**REQUIRED ACTION**
In the entries below, find the line with "The Best Indoor" and the line with "مجموعه سه عددی چمدان اسپید کد B016 main 1 4". Repeat exactly everything between them, those two lines included, but not the pictures.

**INPUT DATA**
=== Section Start ===

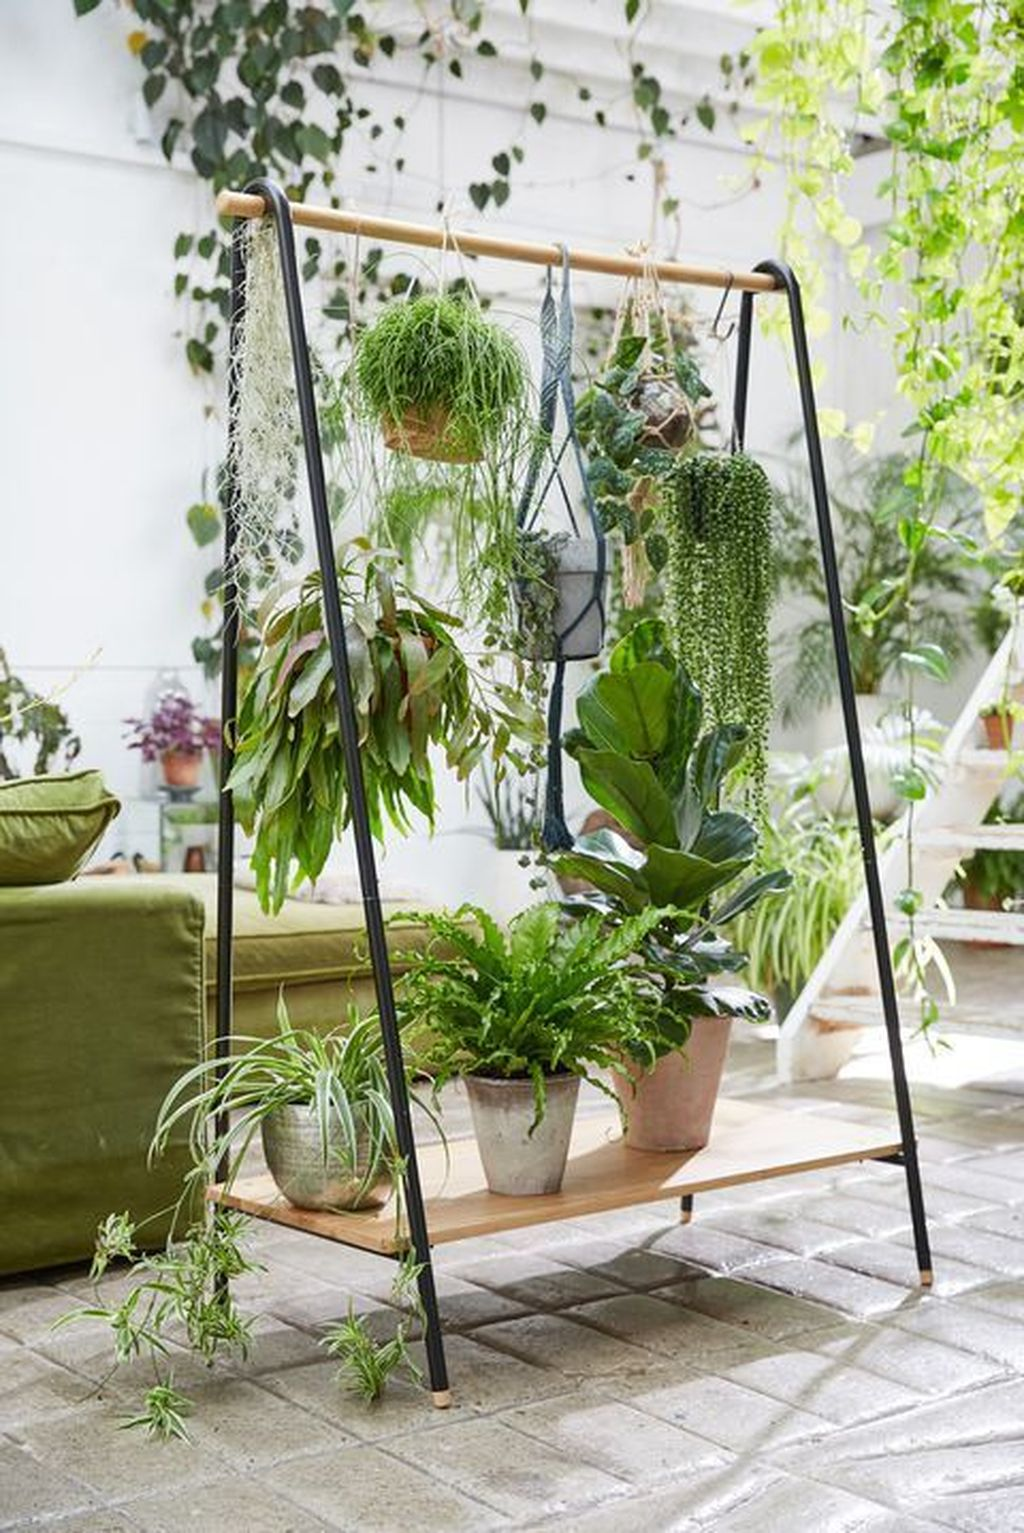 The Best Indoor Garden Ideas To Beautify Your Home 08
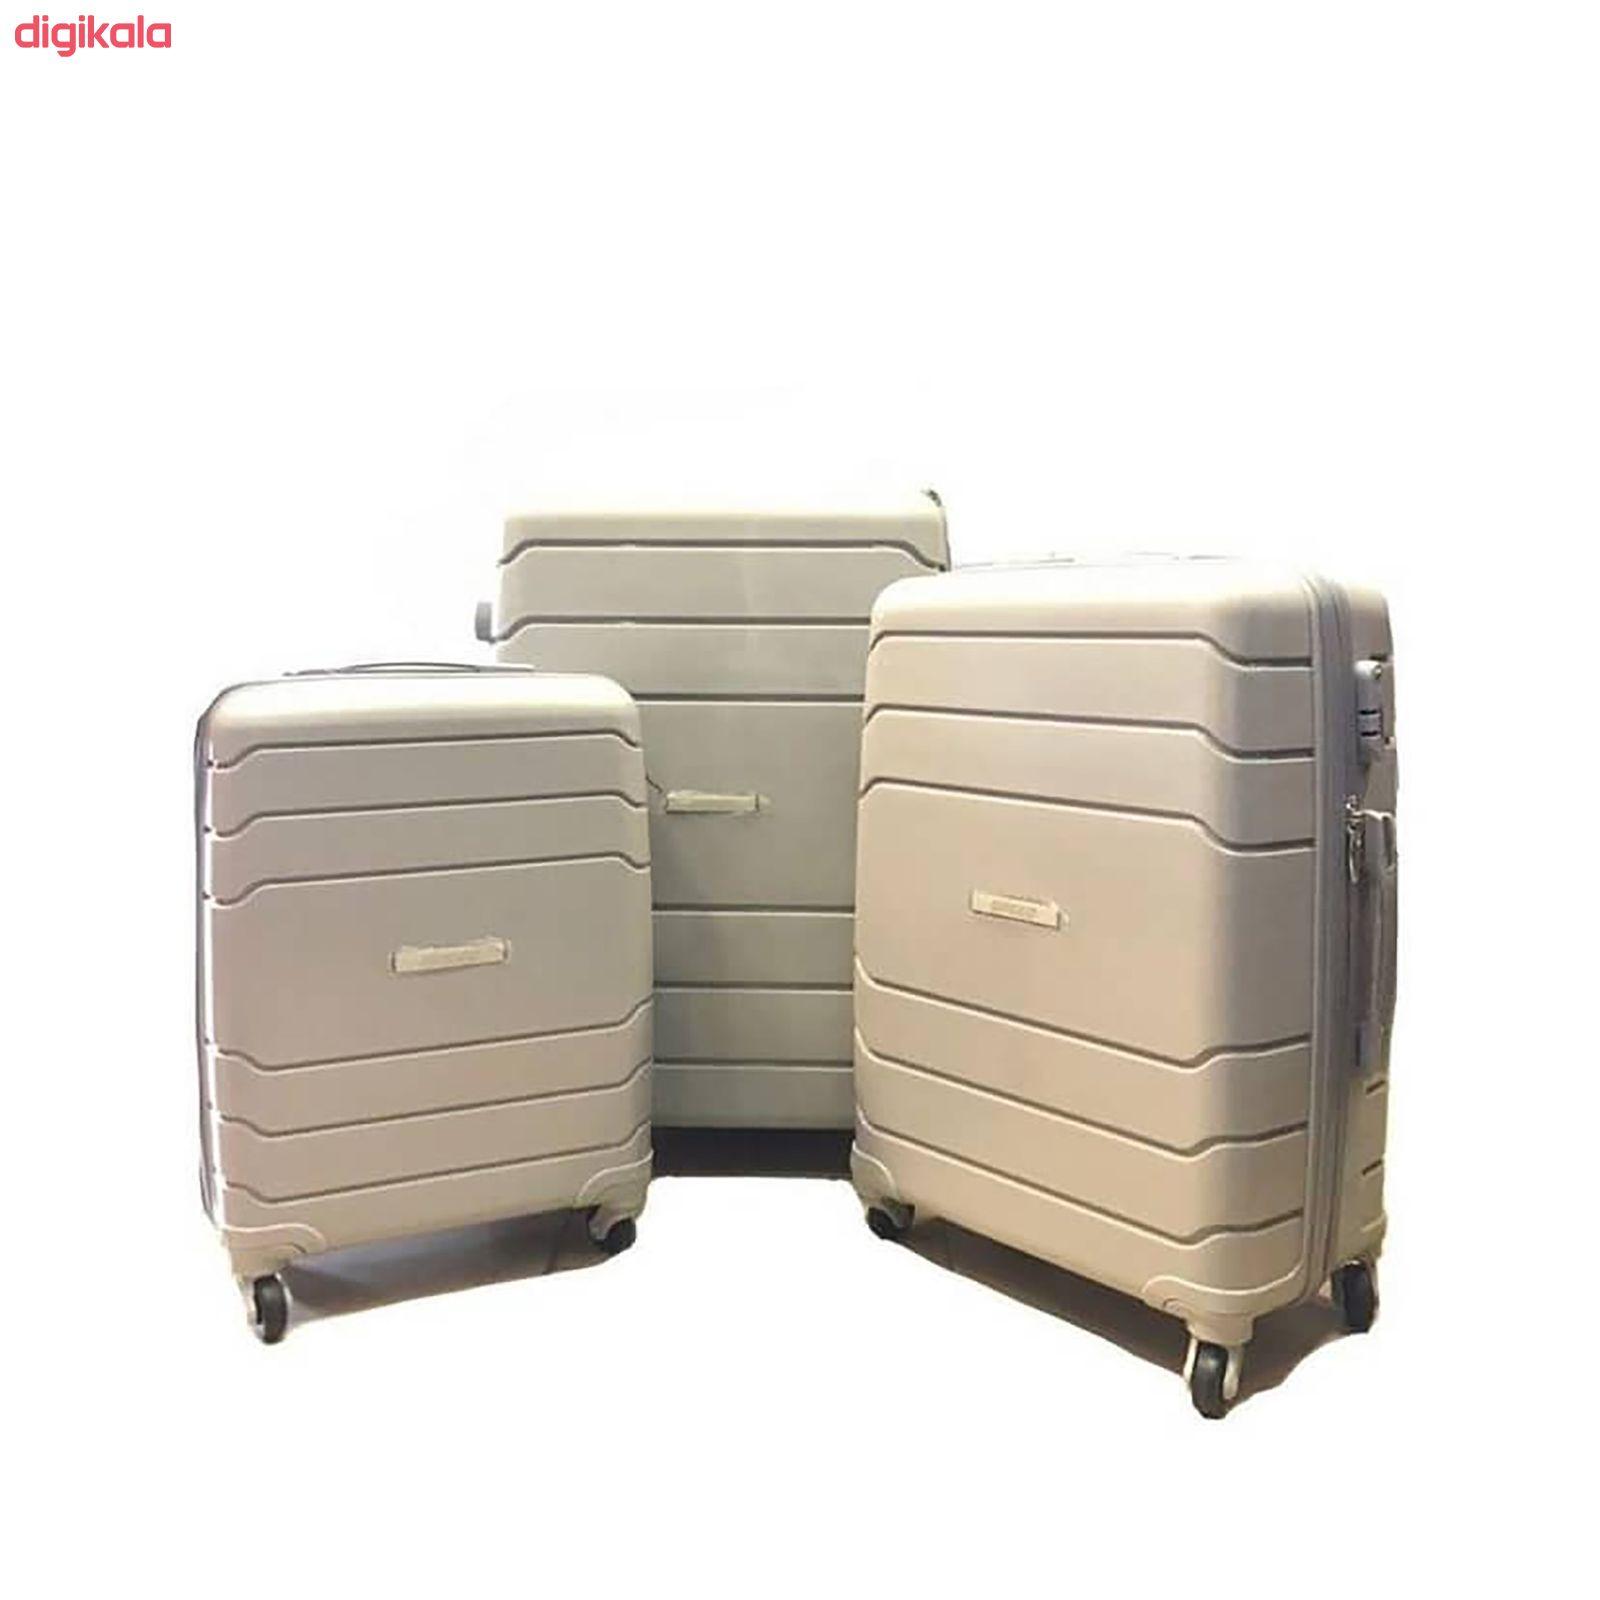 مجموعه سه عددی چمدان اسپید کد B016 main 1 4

=== Section End ===
=== Section Start ===

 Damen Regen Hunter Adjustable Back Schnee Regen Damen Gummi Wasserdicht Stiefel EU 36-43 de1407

=== Section End ===

**ANSWER BOX**
 The Best Indoor Garden Ideas To Beautify Your Home 08
 مجموعه سه عددی چمدان اسپید کد B016 main 1 4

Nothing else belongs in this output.